**Exercise aim:** Take the lines from the one with "silk robes for" through the end of the material below and repeat them exactly, dropping every picture.
Top of Dataset extract
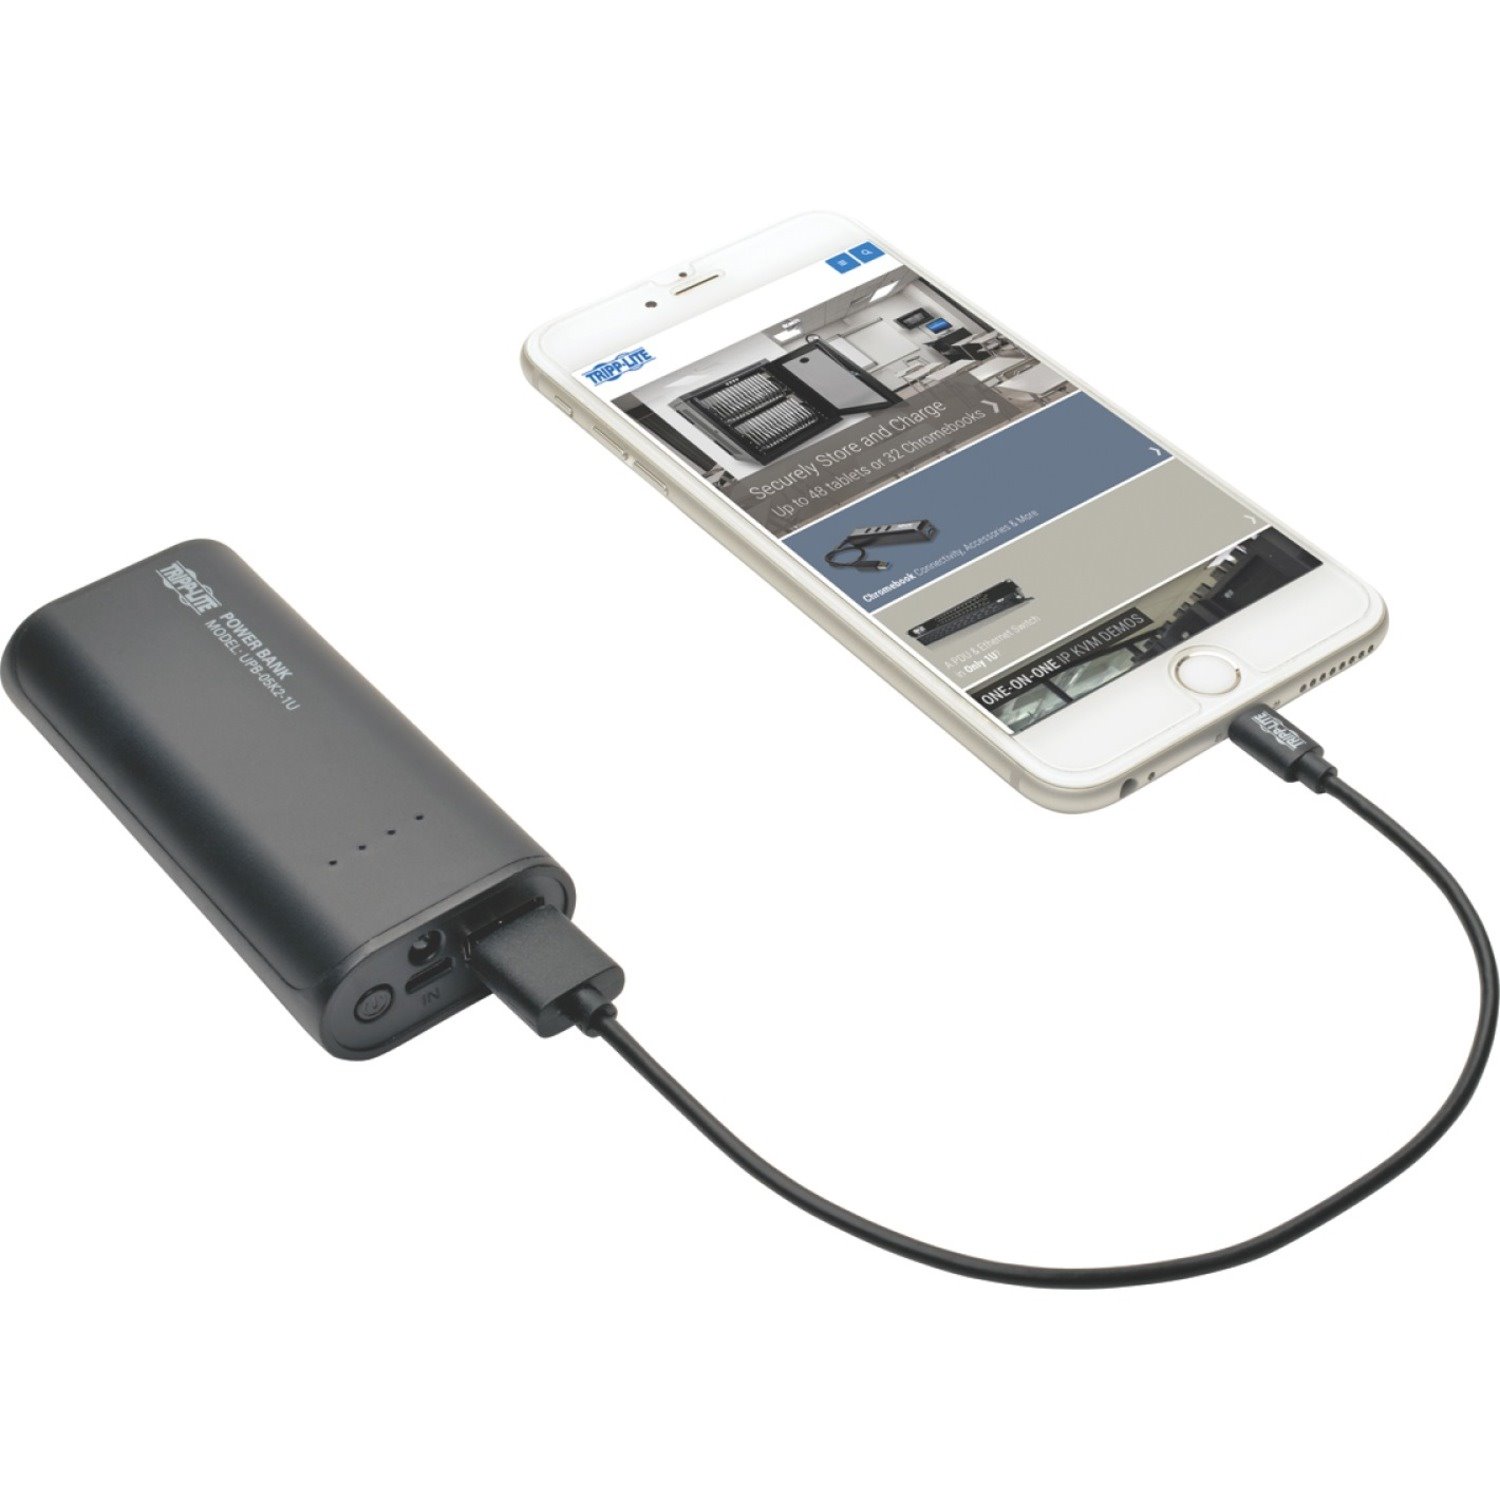 Tripp Lite Portable 1-Port USB Battery Charger Mobile Power Bank 5.2k mAh
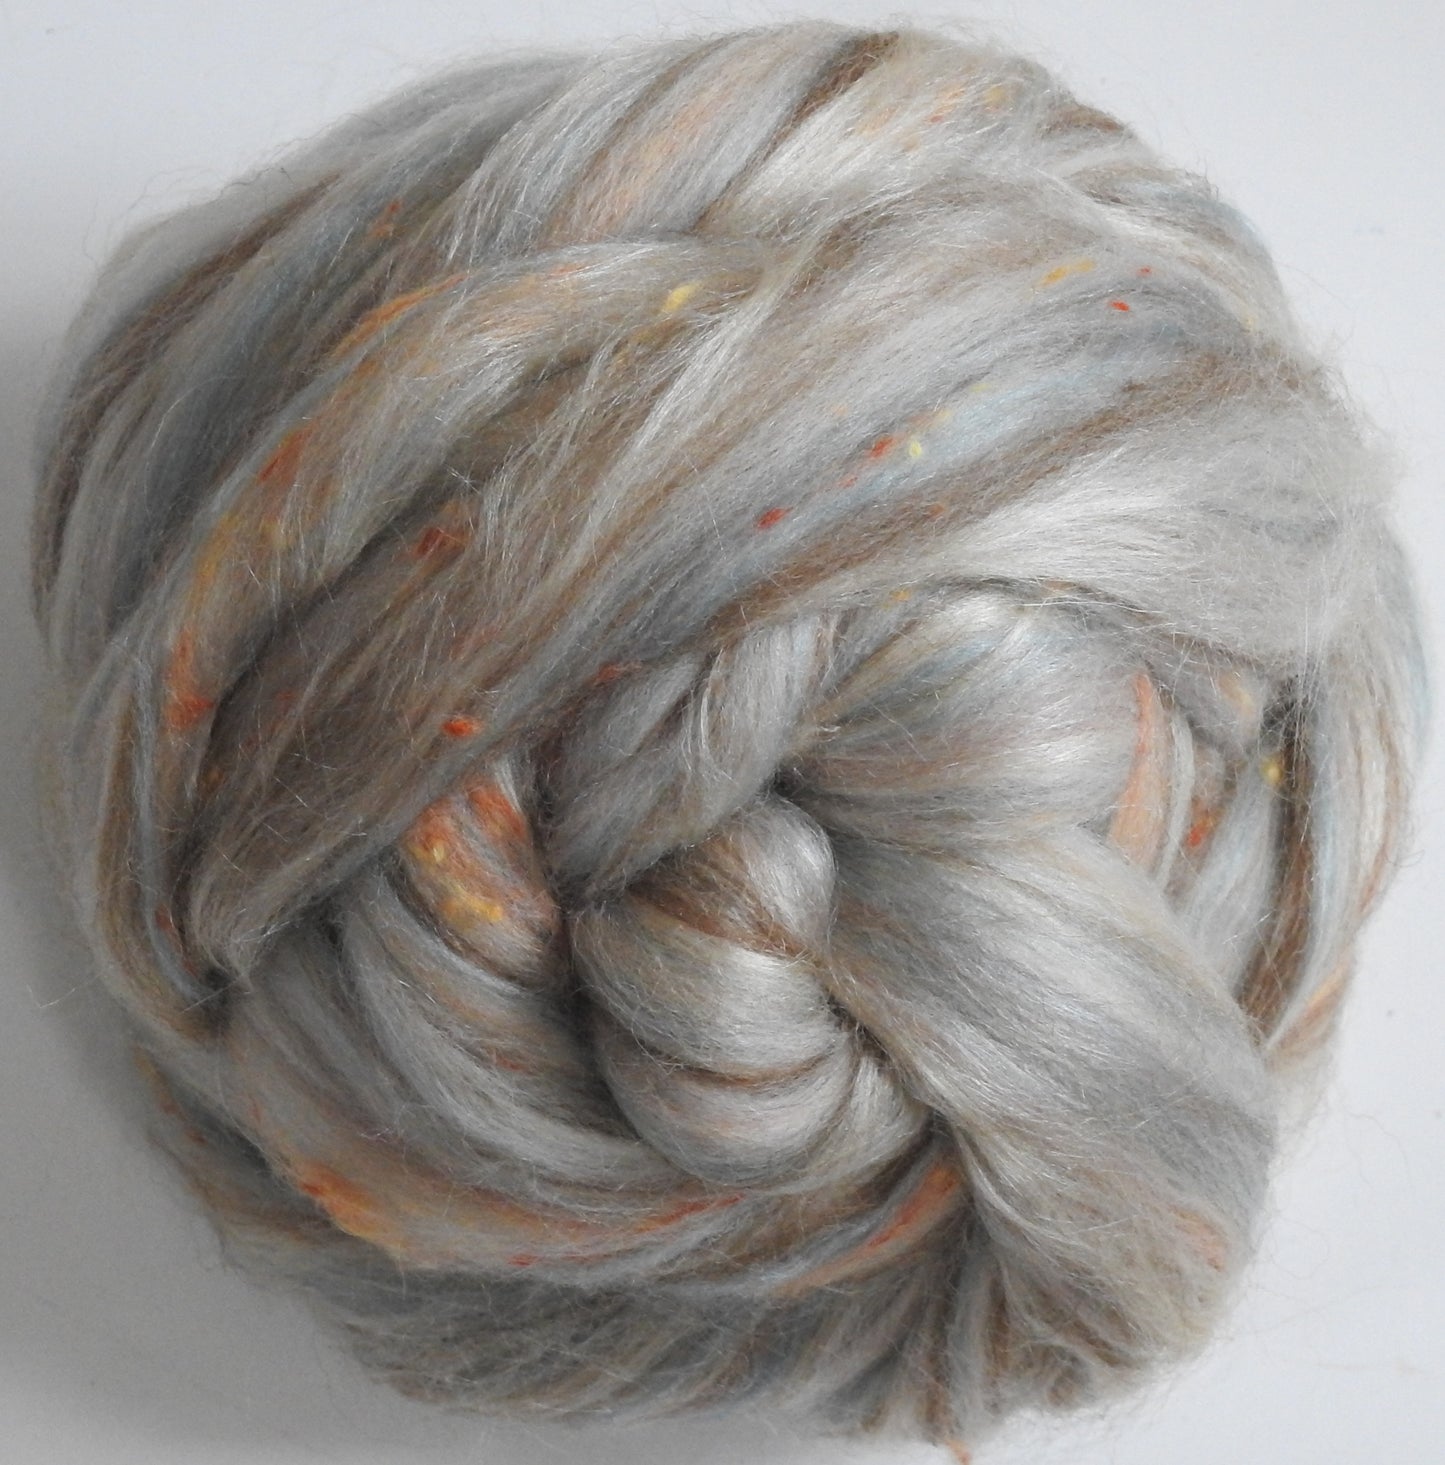 Caracal - Custom Blended Top- Merino/ Shetland/ Tussah Silk/ Baby Camel /Tweed Blend (25/25/25/15/10)
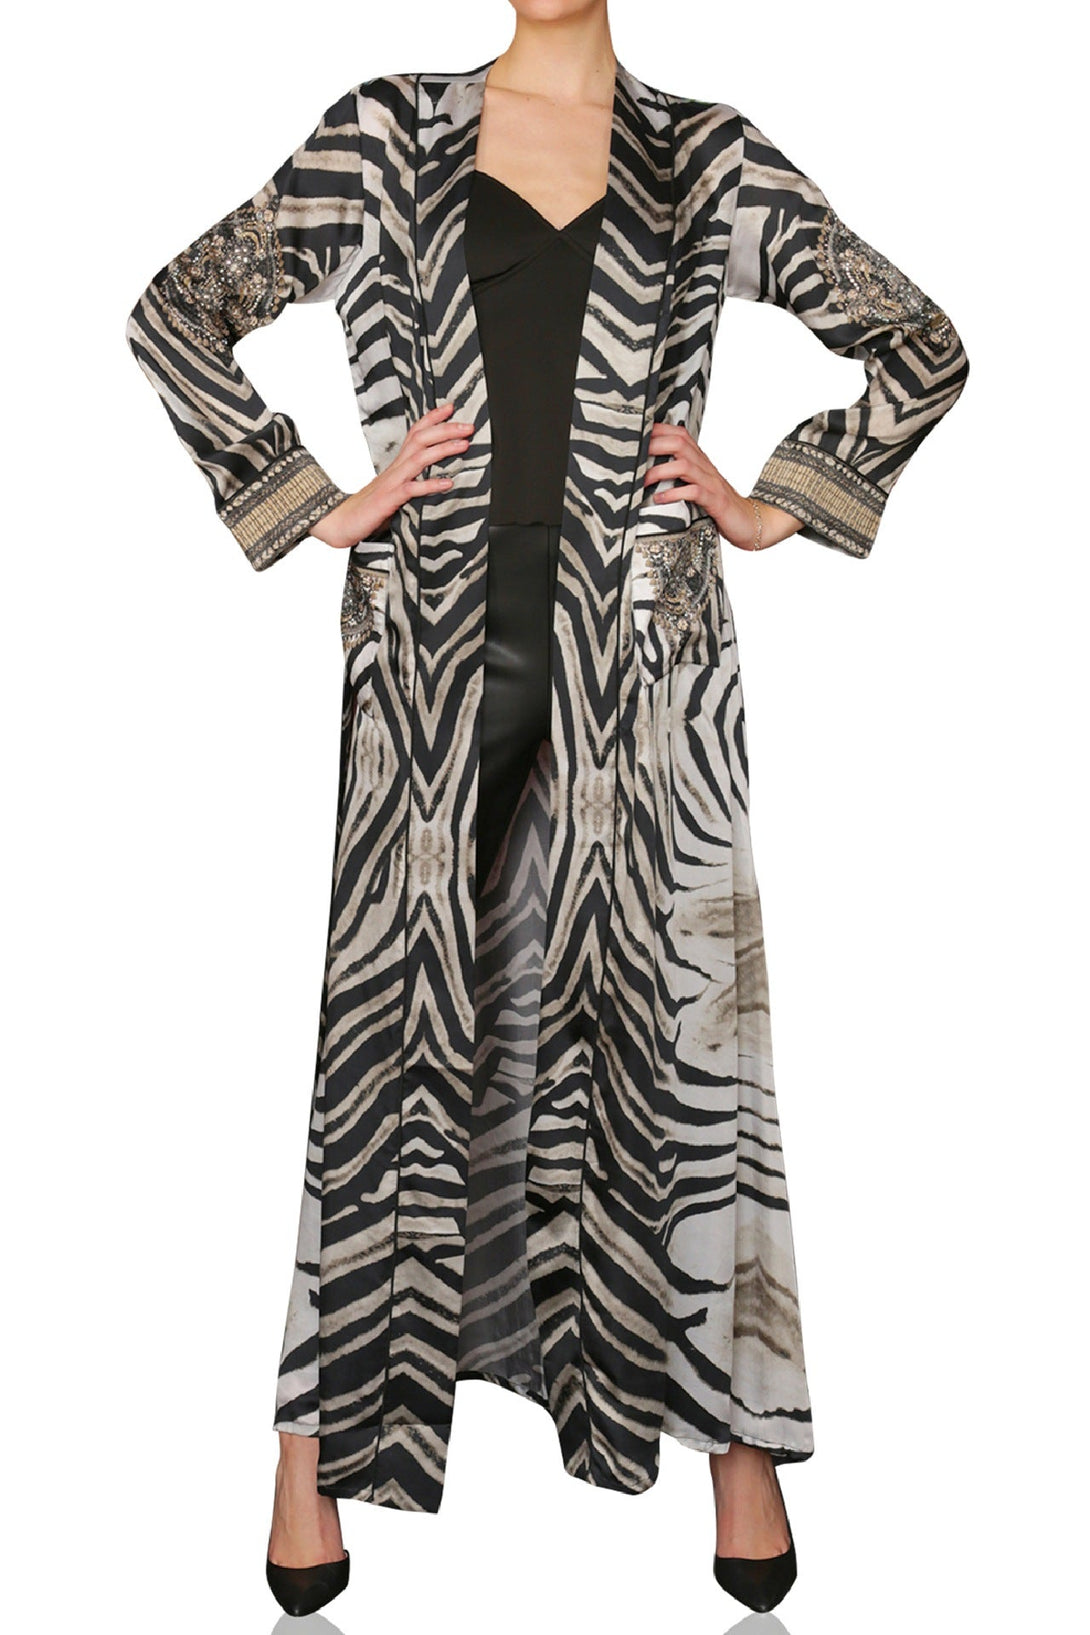 "kimono silk robe women's" "Shahida Parides" "silk zebra robe" "kimono silk robes for women" "printed silk robe" ]
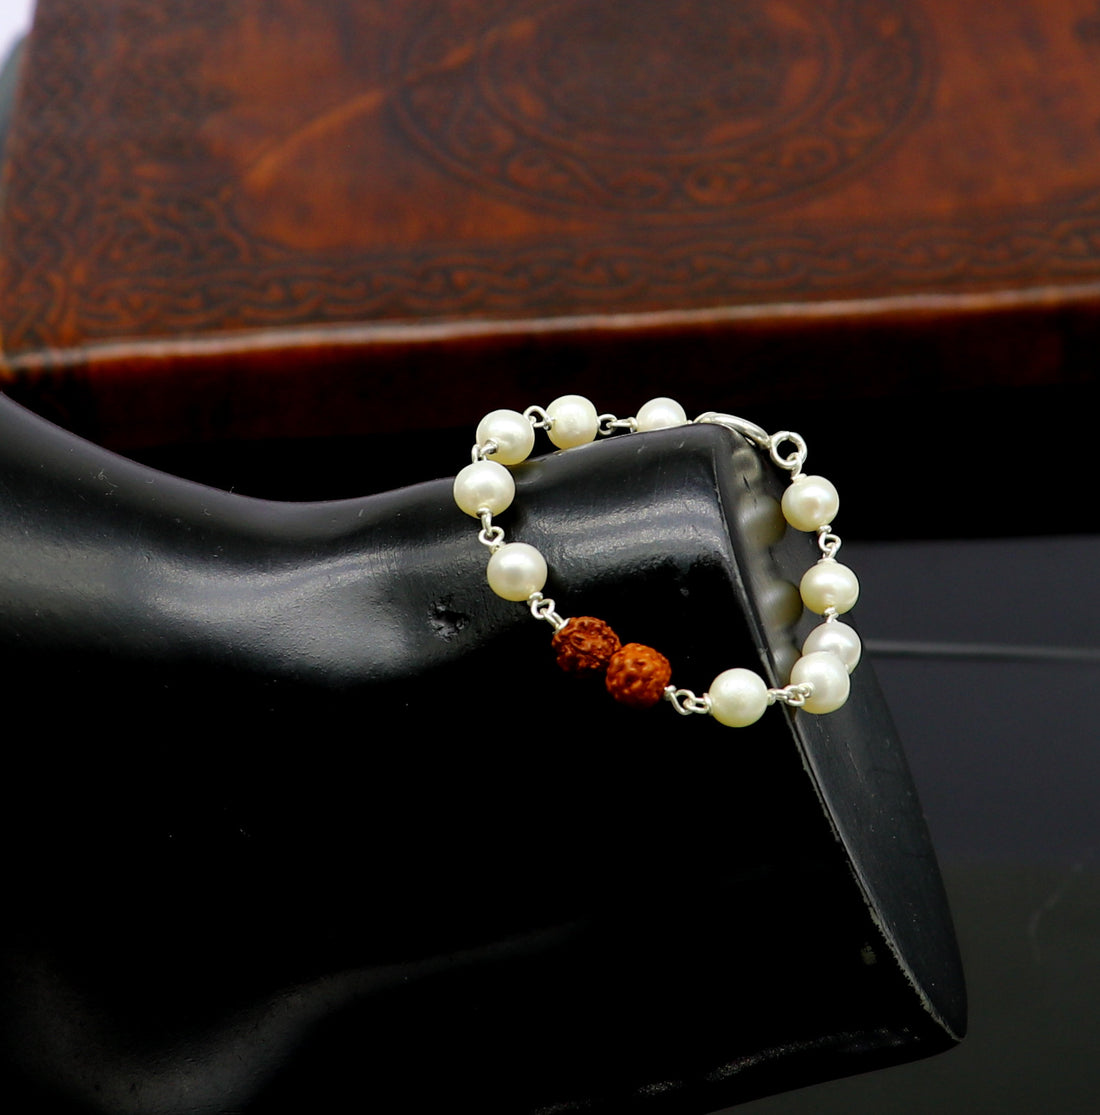 925 sterling silver handmade fabulous natural white pearl beaded baby bracelet with rudraksha, best gift for kids bracelets jewelry bbr02 - TRIBAL ORNAMENTS
Bottom of Dataset extract
**Exercise response:**
 "kimono silk robe women's" "Shahida Parides" "silk zebra robe" "kimono silk robes for women" "printed silk robe" ]
 925 sterling silver handmade fabulous natural white pearl beaded baby bracelet with rudraksha, best gift for kids bracelets jewelry bbr02 - TRIBAL ORNAMENTS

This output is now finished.